London (dpa) - Obwohl die Tour de France am Wochenende erstmals in London gestartet ist, mussten britische Radsportfans in den Nachrichtensendungen lange warten, ehe sie darüber etwas erfuhren.
Die Tennis-Endspiele in Wimbledon und das Formel-1-Rennen in Silverstone waren den Fernsehmachern wichtiger. Trotzdem säumten Millionen Engländer den Streckenrand und trotzten damit der Terrorgefahr, die eine Woche nach den missglückten Autobombenanschlägen in Glasgow und London über dem Land liegt.
Bereits in den frühen Morgenstunden rückten die ersten Zuschauer vor dem Buckingham Palast mit Klappstuhl, Kühltasche und Picknick- Decke an, um sich die besten Plätze zu sichern. Dicht gedrängt in Sechser-Reihen standen sie entlang des 7,9 Kilometer langen Stadtkurses, dem offiziellen Prolog. Die meisten hatten neben einem Stadtplan, auf dem der Streckenverlauf eingezeichnet war, auch noch die nötigen Tipps der Experten zur Hand.
«Ihr werdet keine Ahnung haben, was da abgeht, aber seid ganz entspannt. Betrachtet es als netten Ausflug und macht Picknick», hatte der Tour-Experte der Tageszeitung «Daily Mail» den weniger radsportbegeisterten Briten mit auf den Weg gegeben. Spätestens die Formulierung «Eure Kinder werden ihre helle Freude haben, rum zu rennen und die kostenlosen Papierhütchen einzusammeln, die von spärlich bekleideten Frauen verteilt werden» dürfte Väter und Mütter gleichermaßen überzeugt haben.
«Es ist die größte Radsportveranstaltung der Welt und ein Familiensport. Für mich gab es keinen Grund, die Familie nicht mitzubringen», sagte Dominic Harrison, der mit seinen Söhnen Edward (9) und Richard (7) im Londoner Hyde Park auf großen Leinwänden die Übertragung verfolgte. Etwas verwundert nahm er zur Kenntnis, dass die Sandwiches nicht mit «cheese», sondern «fromage» belegt waren und auf den Absperrungen «public access interdit» stand. In der aufgebauten Zeltstadt gab es sogar einen französischen Briefkasten.

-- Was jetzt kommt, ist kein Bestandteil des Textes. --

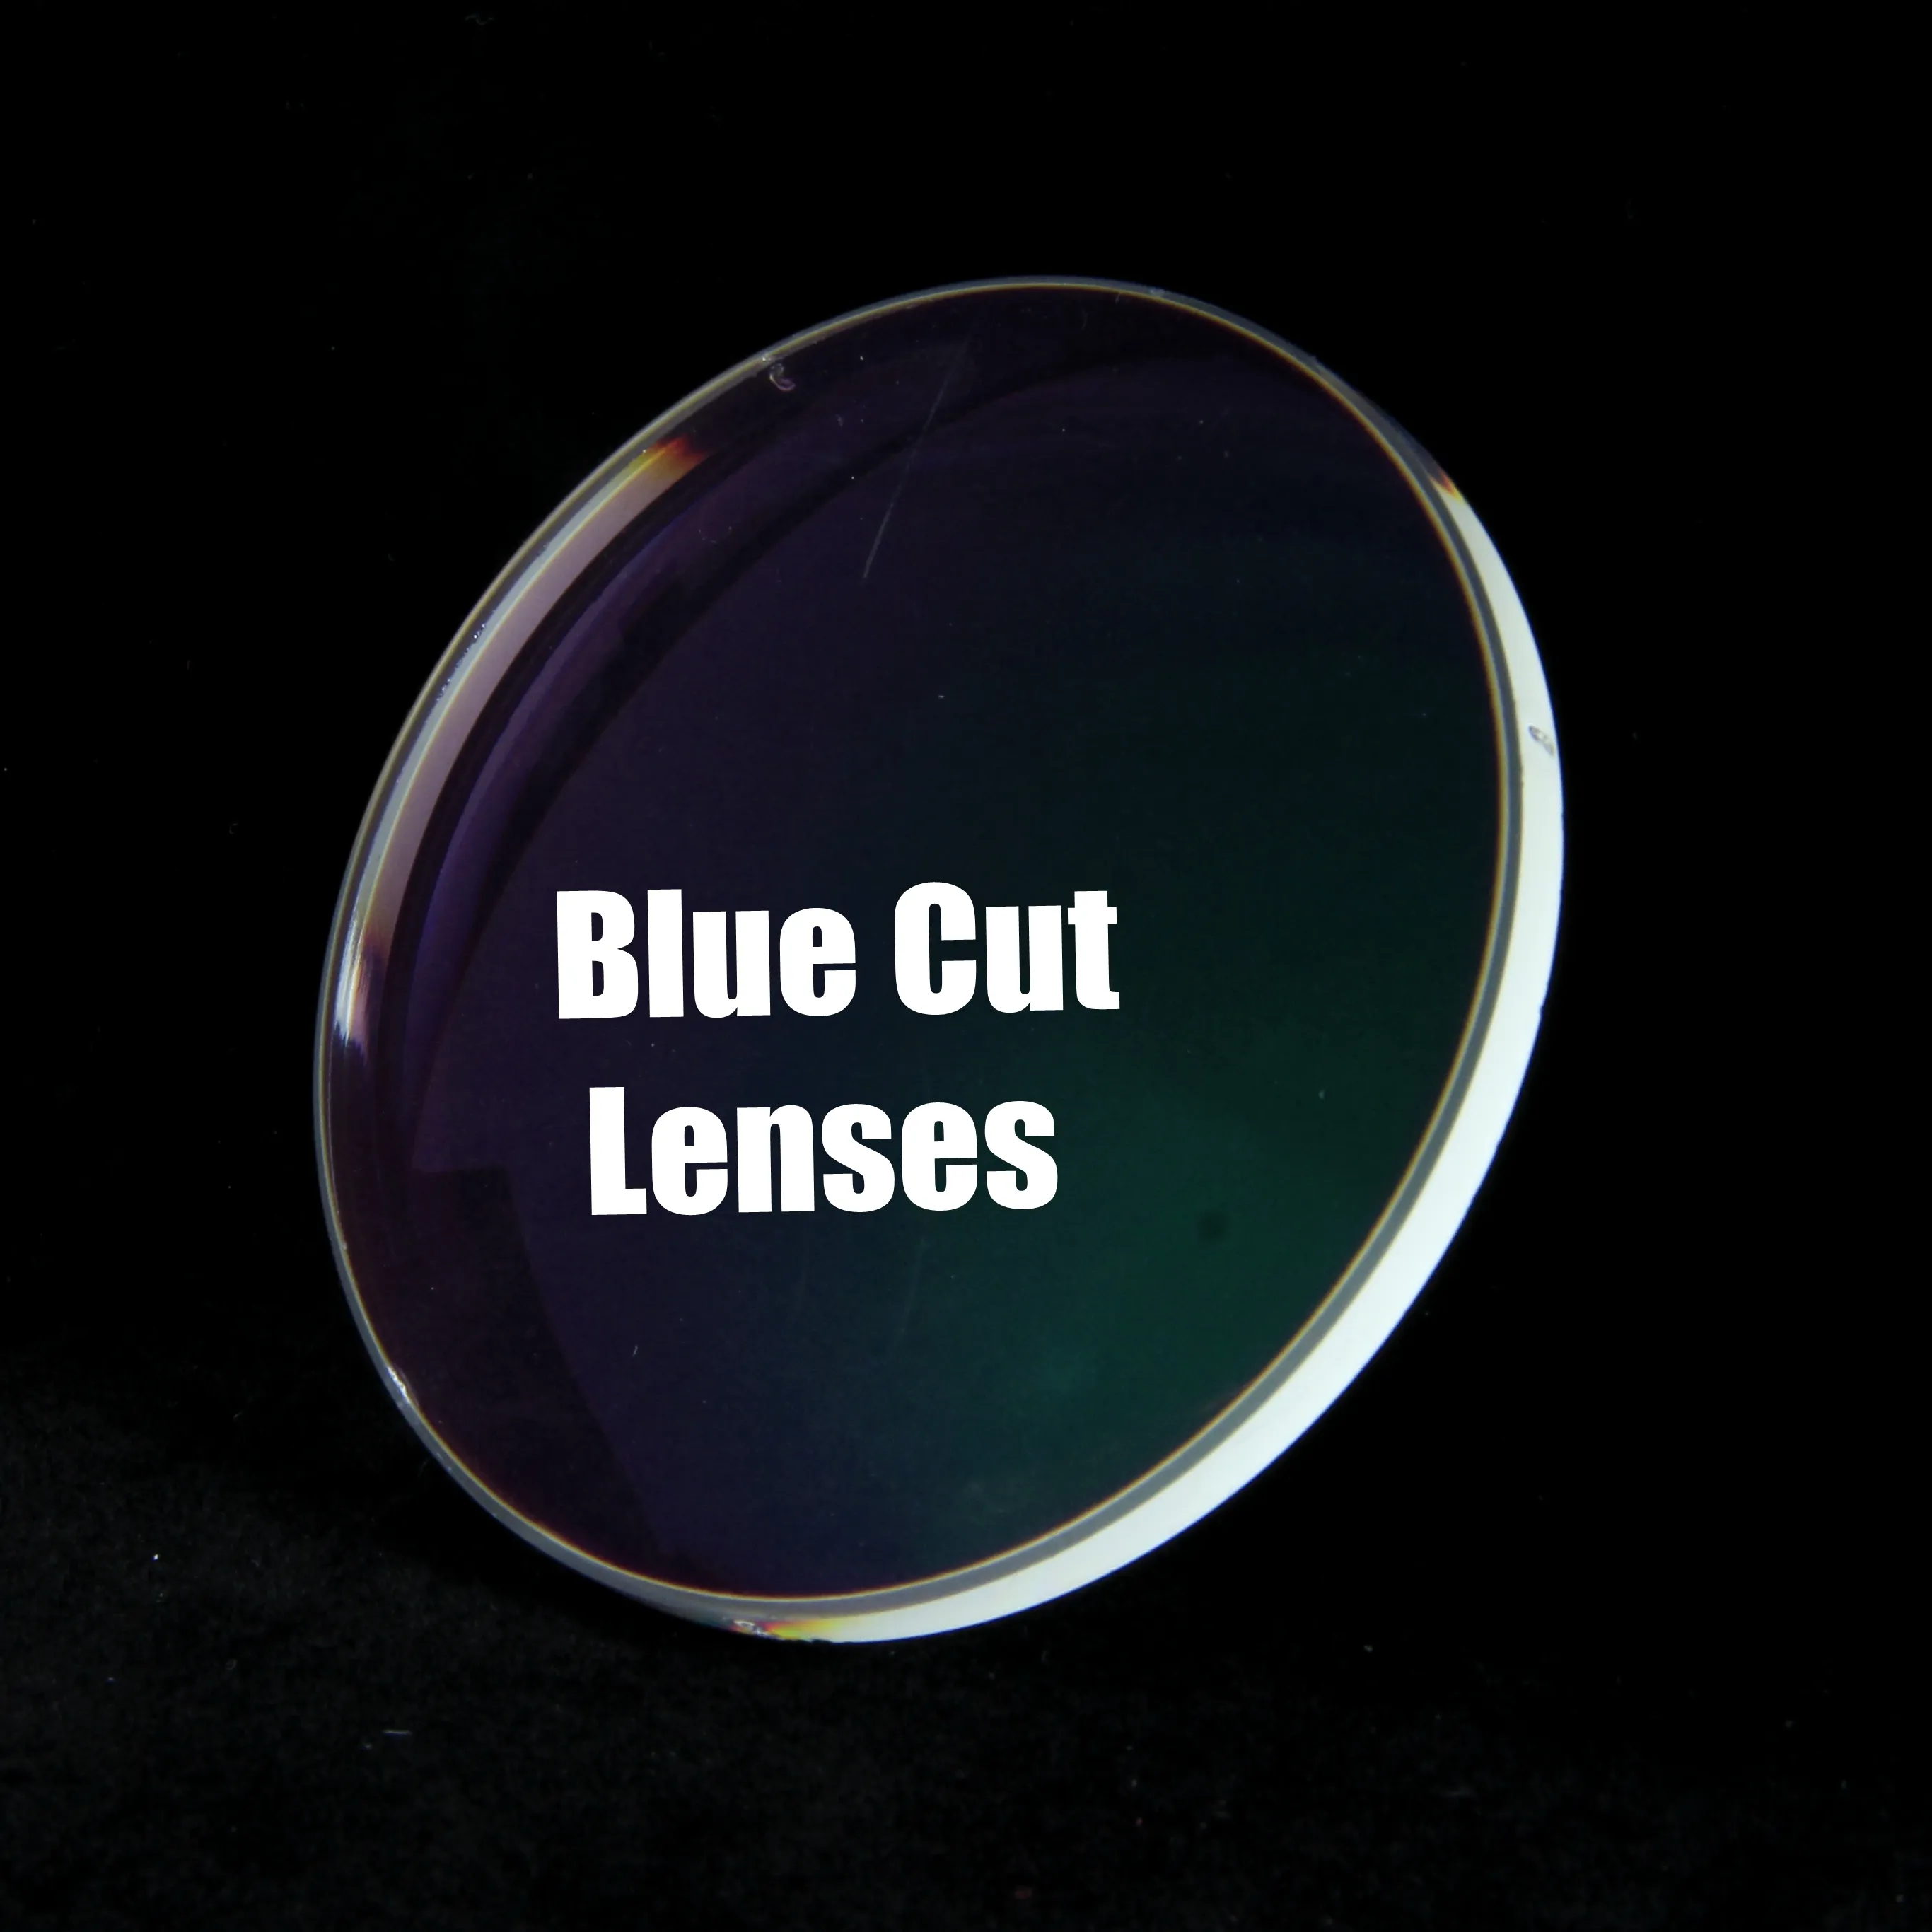 Danyang lens fabrika yüksek kalite 1.56 mavi ışık engelleme AR kaplama gözlük mavi kesim optik lensler

Für Scotland Yard bedeutete das «schlimmste Wochenende des Jahres» Schwerstarbeit. Nach der Terrorwarnung der vergangenen Woche wurde jeder Beamte gebraucht, um bestmögliche Sicherheit zu garantieren. Zumal in London mit Wimbledon und dem Live-Earth-Konzert im ausverkauften Wembley-Stadion zwei weitere Weltereignisse stattfanden und Sondereinheiten auch zum Formel-1-Rennen nach Silverstone abkommandiert waren. Der zuständige Kommissar Tarique Ghaffur wertete den Polizei-Einsatz als «bedeutsamen Erfolg».
Londons Bürgermeister Ken Livingstone, der sich den Tour-Start angeblich 2,2 Millionen Euro kosten ließ, wollte mit den parallel stattfindenden Sportereignissen Erfahrungen im Hinblick auf Olympia 2012 sammeln. «Hat jemals jemand behauptet, dies würde kein Erfolg», fragte er sichtlich zufrieden in die Runde. Und der Leiter der Verkehrsbetriebe Peter Hendy frohlockte: «Das ist brillant. Wir sollten es wieder tun.» Vermutlich hatte er an dem Tag weder in der völlig überfüllten U-Bahn noch einem im Verkehrschaos fest sitzenden Bus gesessen.